There are some in town, however, who have made an effort to get people on the water. Canoe rental services and tour businesses, such as Edmonton Canoe and CanoeHeads, regularly operate inside and outside of town, with trips starting in Devon and ending within city limits. According to Jason Hayes, owner and operator of CanoeHeads, he sees around 500 trips taken on his canoes each year. Of those, he says nearly 400 of the trips are return customers. “Once people discover what is out there on the river, they keep coming back,” says Hayes. “I think once people do it, they get that it’s just them and nature, and it’s so quiet and peaceful. They keep coming back. And there’s something about being so close to home that is very cool about it. I mean, the whole trip is about going home — you’re literally floating home — and I think that’s comforting to people.”
But it’s fighting through the misconceptions of the river that is often the first obstacle, says Hayes.
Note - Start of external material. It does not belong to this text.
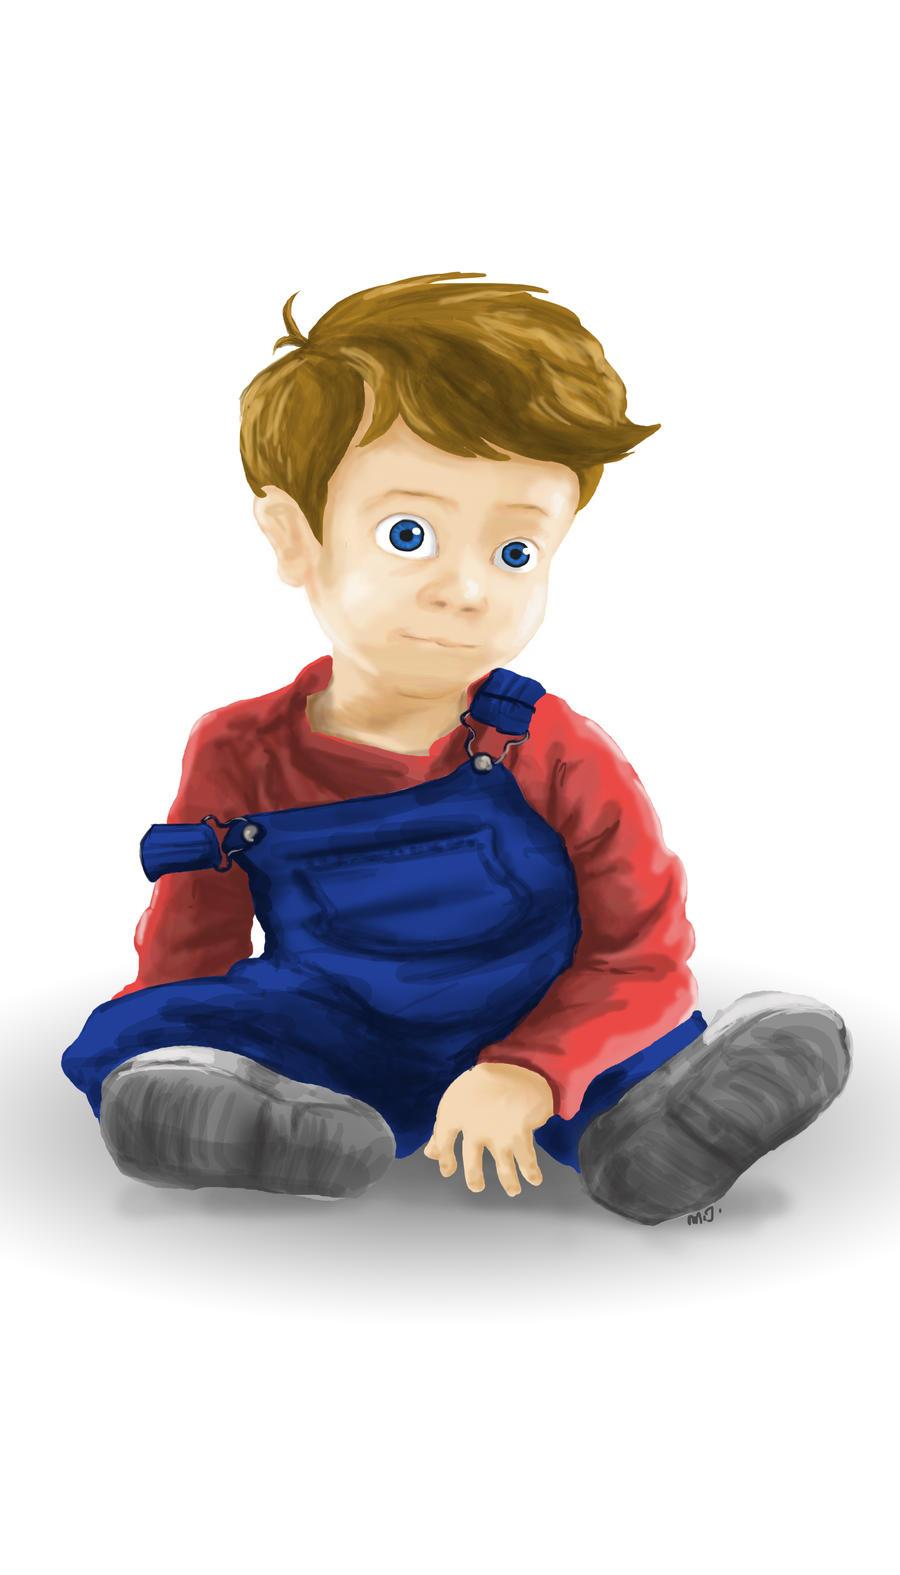 child cartoon by amazingmad child cartoon by amazingmad - Cartoon Picture Of Child

Admittedly, my view of the North Saskatchewan River has always been a murky one, but on my trip with Kerr, the water is so clear that I can see the bottom. Throughout the cool September trip trip, I often glance over the side, catching small glimpses of the rocky bottom and, occasionally, a fish or two. As far as sightseeing goes, I have plenty of time to look around. The current of the river is strong enough to keep our momentum at a relatively quick pace. Recent warm weather has melted the snowy glaciers of the Rocky Mountains and, combined with rainfall, has supplied the river with plenty of water to speed our journey. Less effort required to paddle means more attention can be paid to the view. Aside from the abundance of wildlife — such as the beavers or deer that wander through the city unnoticed by those at shore — the flow of the river takes us in and out of park systems and alongside bike paths. As we reach the city centre, the view changes to an urban landscape that would compel any Instagrammer to immediately reach for the phone.
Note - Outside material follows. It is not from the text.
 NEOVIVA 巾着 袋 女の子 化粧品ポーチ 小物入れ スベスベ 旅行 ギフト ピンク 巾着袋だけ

We pass under the High Level, Low Level and Walterdale bridges, catching views of pedestrians and the LRT crossing the river. We see, as well, a strange trend of abandoned lawn chairs along the banks. Kerr quickly assures me that they are not always empty. Gold panners and fishermen often leave them there and return the following day.
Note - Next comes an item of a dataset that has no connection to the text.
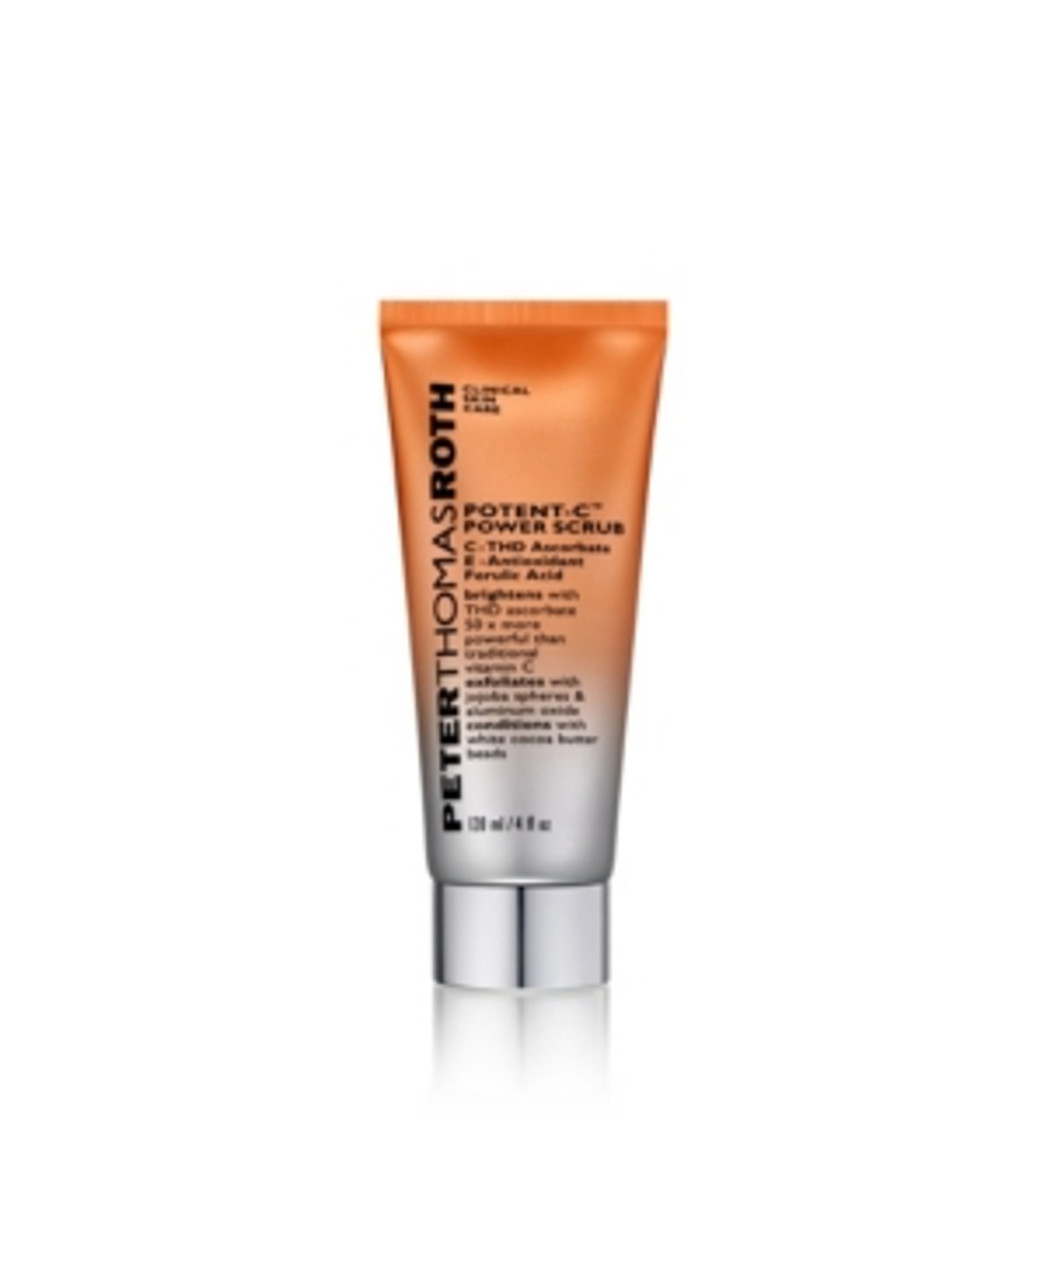 Peter Thomas Roth Potent C Power Scrub, 120 ml Beauty Skin Care - Skin Care - Skin Care Categories.

As we pass under the old Walterdale Bridge and the accompanying construction of the new Walterdale Bridge, we get probably the clearest view of the city from the water of the entire trip. From the water, Edmonton looks somehow even grander. I suppose it’s because we are looking up at it from the city’s lowest point, but it’s definitely the “hero shot” viewpoint for Edmonton. And even though I haven’t left the city’s boundaries, it’s at that point, shortly before docking near the Edmonton Queen, that, without ever having left, I feel I’ve emerged from the wilderness and returned home.